Hi, I guess there was an issue with the test code at the time I forked the repository. It might have been resolved by merging the main branch. There is no problem on my local breeze environment for now.

Dawnpool avatar Nov 24 '24 16:11 Dawnpool

@Dawnpool You seem to have a whole test non-db test suite failing. Can you check it on your local breeze and see if you can fix it?

Hi, I guess there was an issue with the test code at the time I forked the repository. It might have been resolved by merging the main branch. There is no problem on my local breeze environment for now.

Let's wait for one of the maintainers to approve the remaining workflows. That will give you some clarity if rebasing against main fixed it. Feel free to drop a gentle reminder on the Slack channel - #contributors.

kunaljubce avatar Nov 26 '24 06:11 kunaljubce

Let's wait for one of the maintainers to approve the remaining workflows. That will give you some clarity if rebasing against main fixed it. Feel free to drop a gentle reminder on the Slack channel - #contributors.

Approved workflows.

potiuk avatar Nov 28 '24 00:11 potiuk

errrors, errors everywhere :D

potiuk avatar Nov 28 '24 03:11 potiuk

@Dawnpool Try reproducing your CI tests locally and figuring out what's going wrong. Seems this is a good place to start - https://github.com/apache/airflow/blob/main/dev/breeze/doc/ci/08_running_ci_locally.md

kunaljubce avatar Nov 28 '24 16:11 kunaljubce

PR has conflicts that needs to be resolved

eladkal avatar Dec 19 '24 09:12 eladkal

@potiuk The non-db tests keep failing and it doesn't seem related to the changes I made based on the error logs. I noticed your comment(https://github.com/apache/airflow/pull/44625#issuecomment-2522299932) on a recent approved PR with the same error, where you mentioned that it was an unrelated intermittent error. Is there an ongoing issue with the non-db tests?

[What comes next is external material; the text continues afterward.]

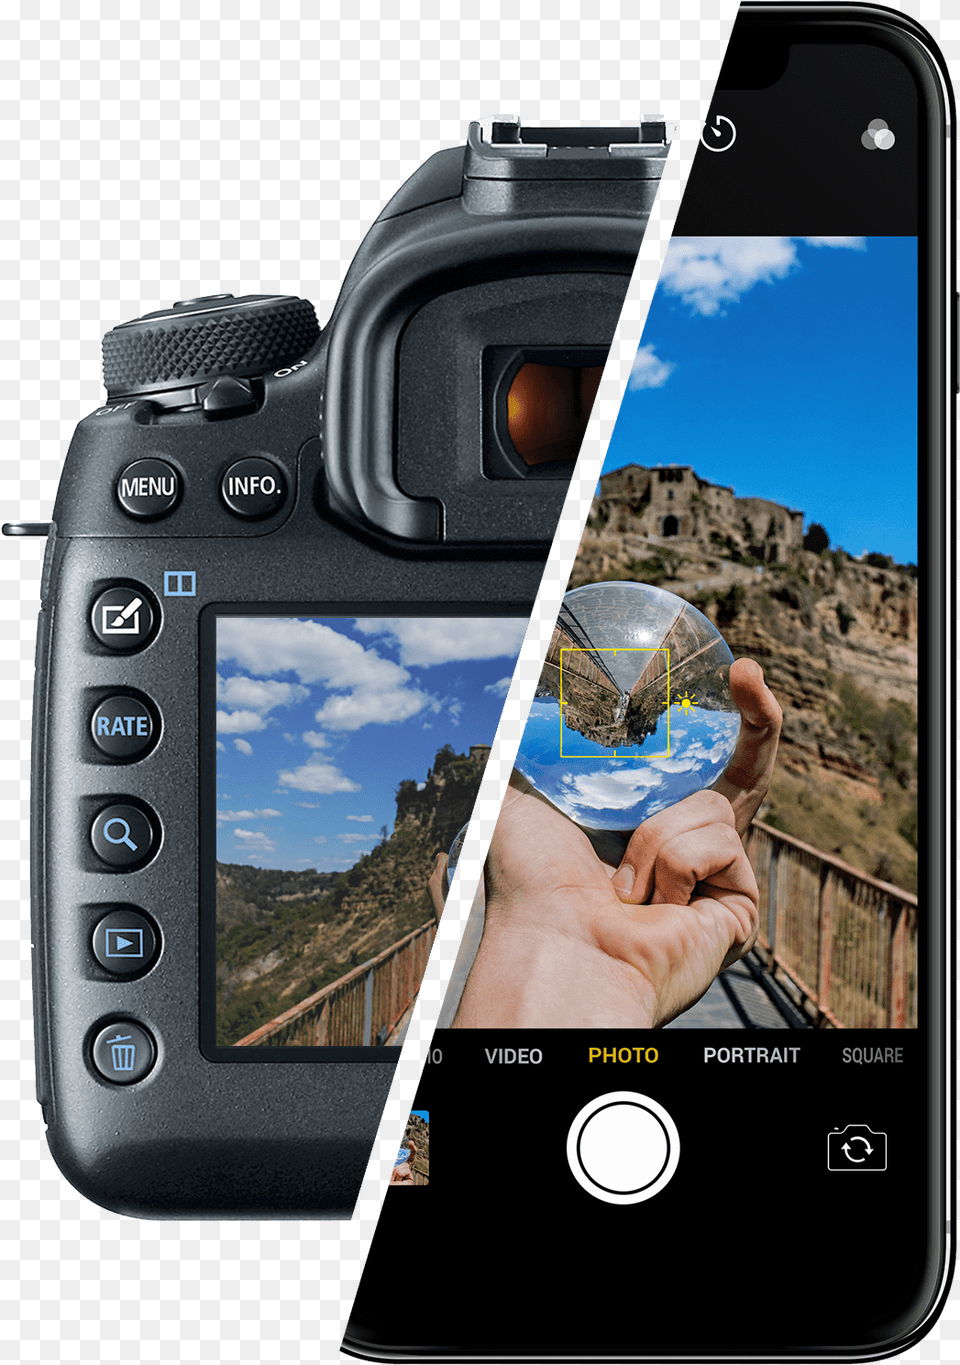 Canon Eos 5d Mark Iv Dslr Camera Download Camaras Fotograficas Parte Trasera, Electronics, Phone, Digital Camera, Mobile Phone Png Image

@eladkal I have resolved the conflicts. Please feel free to check!

Dawnpool avatar Dec 23 '24 08:12 Dawnpool

I think it's a side effect of bad configuration - likely some initialization issue in some of the skipped provider tests that are missing somewhere. Likely it is mitigated when full tests are run as some other tests are intitializing SQL Alchemy (where we completely should not need it for DB Tests). I will take a look at it later today and try to find out what it is (And it would be great to not merge it till then as we might be eble to see if the problem is fixed when I find it.

potiuk avatar Dec 23 '24 12:12 potiuk

Can you please rebase/resolve conflicts and ping me if it fails again.

potiuk avatar Dec 27 '24 10:12 potiuk

@potiuk it failed again😥 same error with the non-db tests

Dawnpool avatar Dec 27 '24 12:12 Dawnpool

:scream:

potiuk avatar Dec 27 '24 13:12 potiuk

I think this should fix it: https://github.com/apache/airflow/pull/45244

potiuk avatar Dec 27 '24 13:12 potiuk

Let's see - I added the fix on top and we should see if the problem is fixed.

potiuk avatar Dec 27 '24 13:12 potiuk

Nope - there is another issue

potiuk avatar Dec 27 '24 15:12 potiuk

All right. I think I found it https://github.com/apache/airflow/pull/45249 - very interesting issue (and your change accidentally revealed it because it selectively run non-db microsoft.azure test collection as the first group of tests to run - and it turned out that those tests relied on a side-effect of other tests being run before.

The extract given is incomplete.